Maybe with Mewtwo EX in the deck I could have done something more: he had two Mewtwo EX on the board, and when the time was called, if I had Mewtwo EX, I could have killed two of them in two turns. And we’d both have had 2 Prizes left.
But having key cards in the Prizes happens, and you can’t do anything to prevent it.
This time I gained a second place with a pretty satisfying outcome, he knew my list (I faced him at the sixth turn in Turin, he was playing Darkrai-Landorus) and he wasn’t surprised by my techs.
This time I want you to notice how the deck has been capable to fight against an unknown deck (Empoleon/Dusknoir, I knew something about it vaguely as some of my team mates were working on it): after losing a match during the swiss, it won two games in a row.
This shows that a Hydreigon deck played this way can really respond to everything. What’s needed from the player is not to make mistakes and, above all, to test a lot in order to understand the most common scenarios and never be caught in surprise. Then luck plays also its part, but you can overcome it.
I hope you liked this first article of mine and also that I haven’t been boring and/or repetitive. Thanks to this deck I managed to obtain the satisfaction I aimed to during the last summer, and, if across the computer screen there is someone as crazy as me to play a Darkrai/Hydreigon with two Darkrai EX and four techs, I’m sure that this deck will have to wait a lot before raising the white flag.
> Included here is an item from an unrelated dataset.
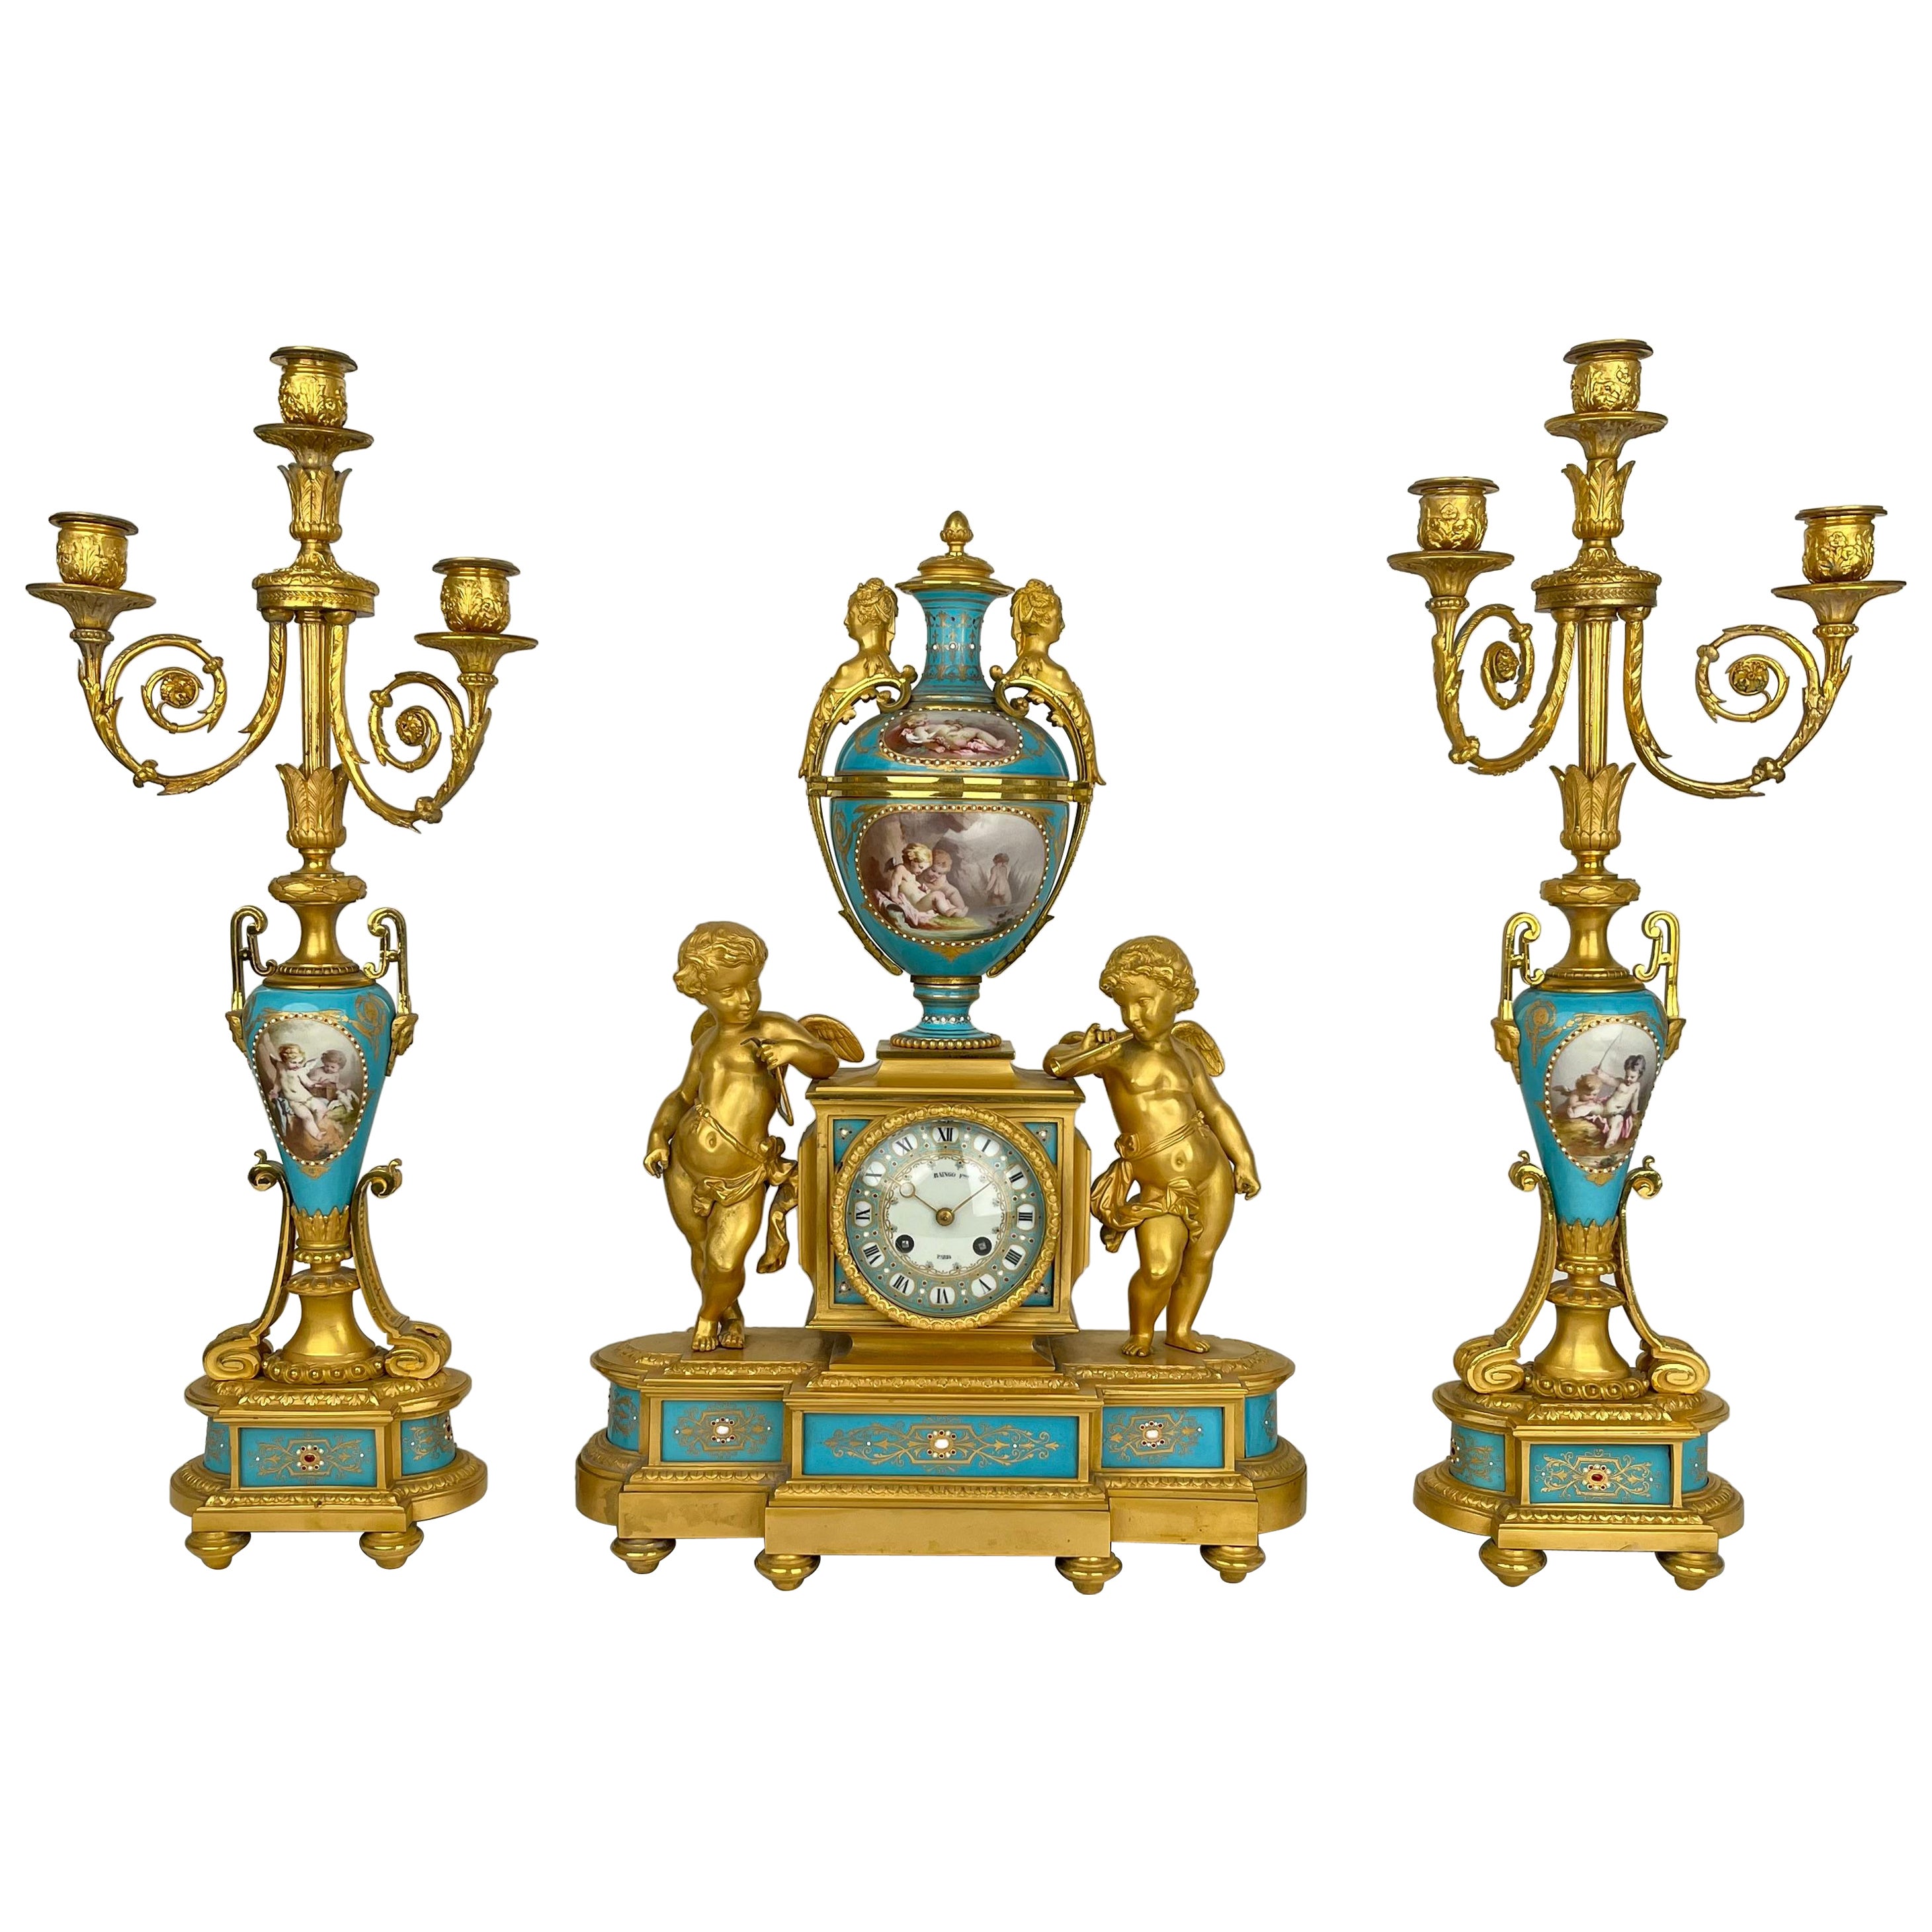 An Ormolu-Mounted Sevres Style Porcelain 'JEWELED' Turquoise-Ground Clock Set For Sale

Because what makes it deathless, and I’m certain about this, is the fact that you can do whatever you want with it: any tech works and doesn’t hurt the consistence, and with Max Potion you can use the same tech to KO more Pokémon. This deck can destroy a difficult deck only by adding a card.
But please, keep in mind that this is not an easy deck to play, you need to stay focused and to think about every single choice: the only solution to this is playtesting a lot. I’ve never tested a deck as much as this, at the end of the last summer I dreamt it once or twice, but all those games made mechanical what I need to do against almost all the most common matchups.
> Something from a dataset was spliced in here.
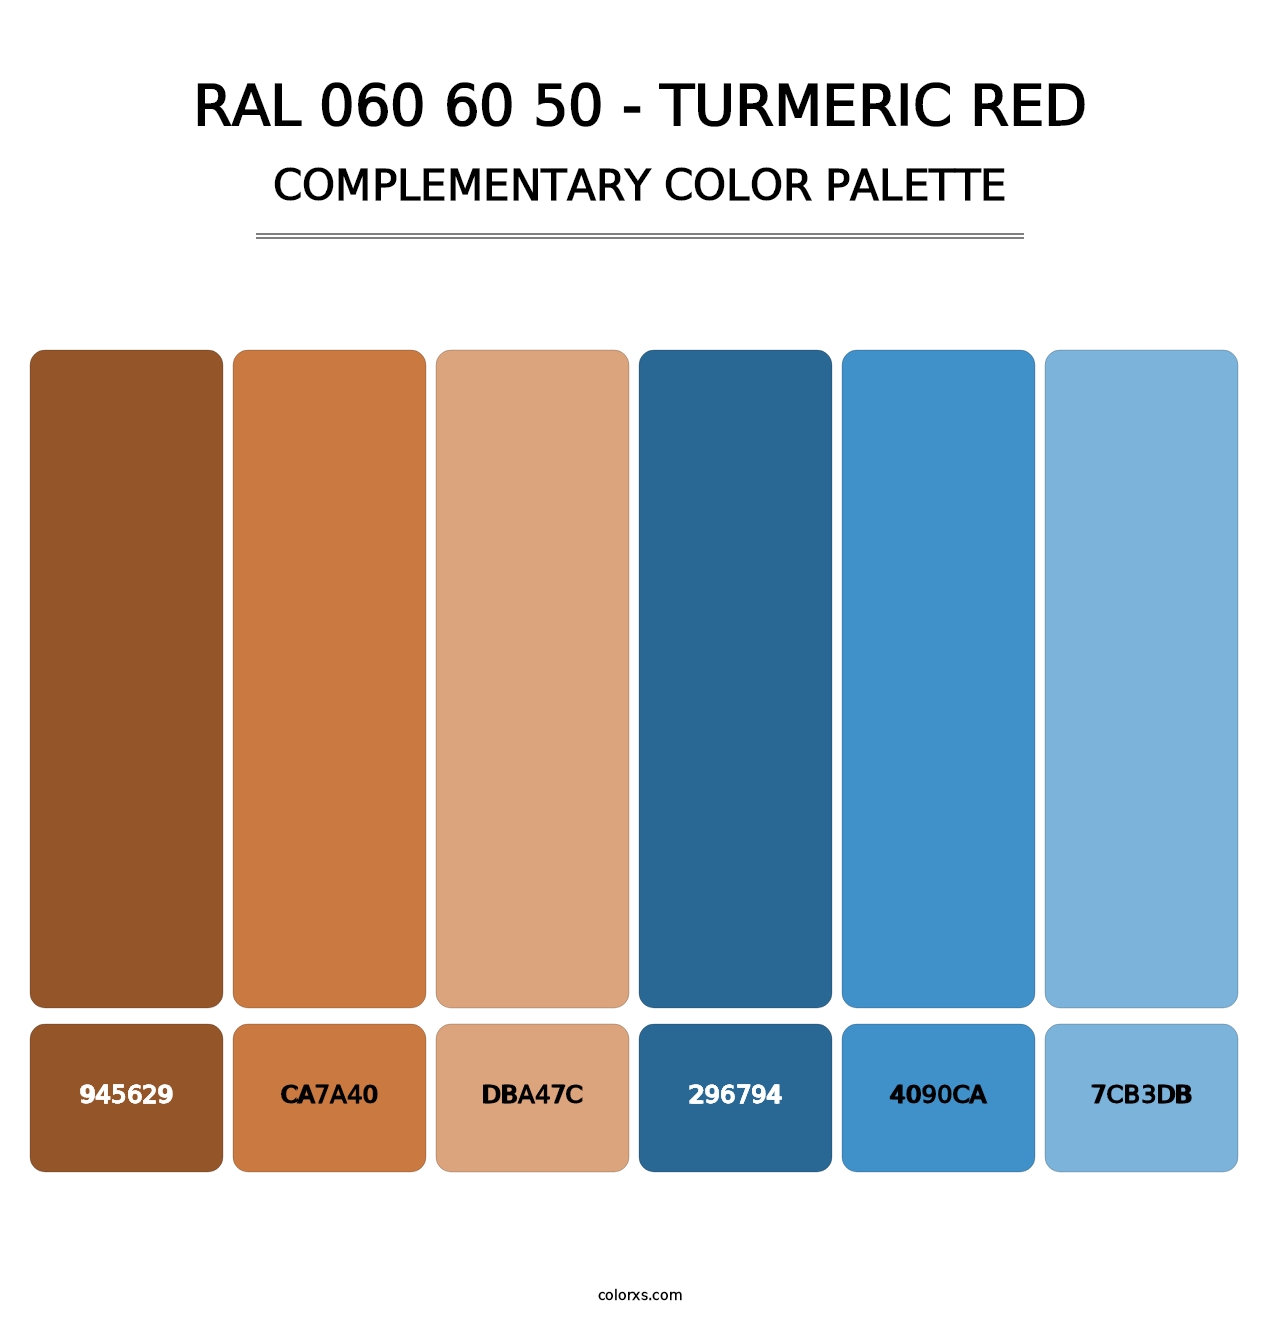 RAL 060 60 50 - Turmeric Red - Complementary Color Palette

And they built me solid basis that let me have a good time against unknown matchups, such as Empoleon/Dusknoir.
In the end, I’d like you to try this list, and, if you feel like doing it, give me a feedback, about the list, a matchup, anything. If there’s something not clear enough or that you’re not convinced on, feel free to ask me, I’ll answer to all of you. Thanks for reading, goodbye!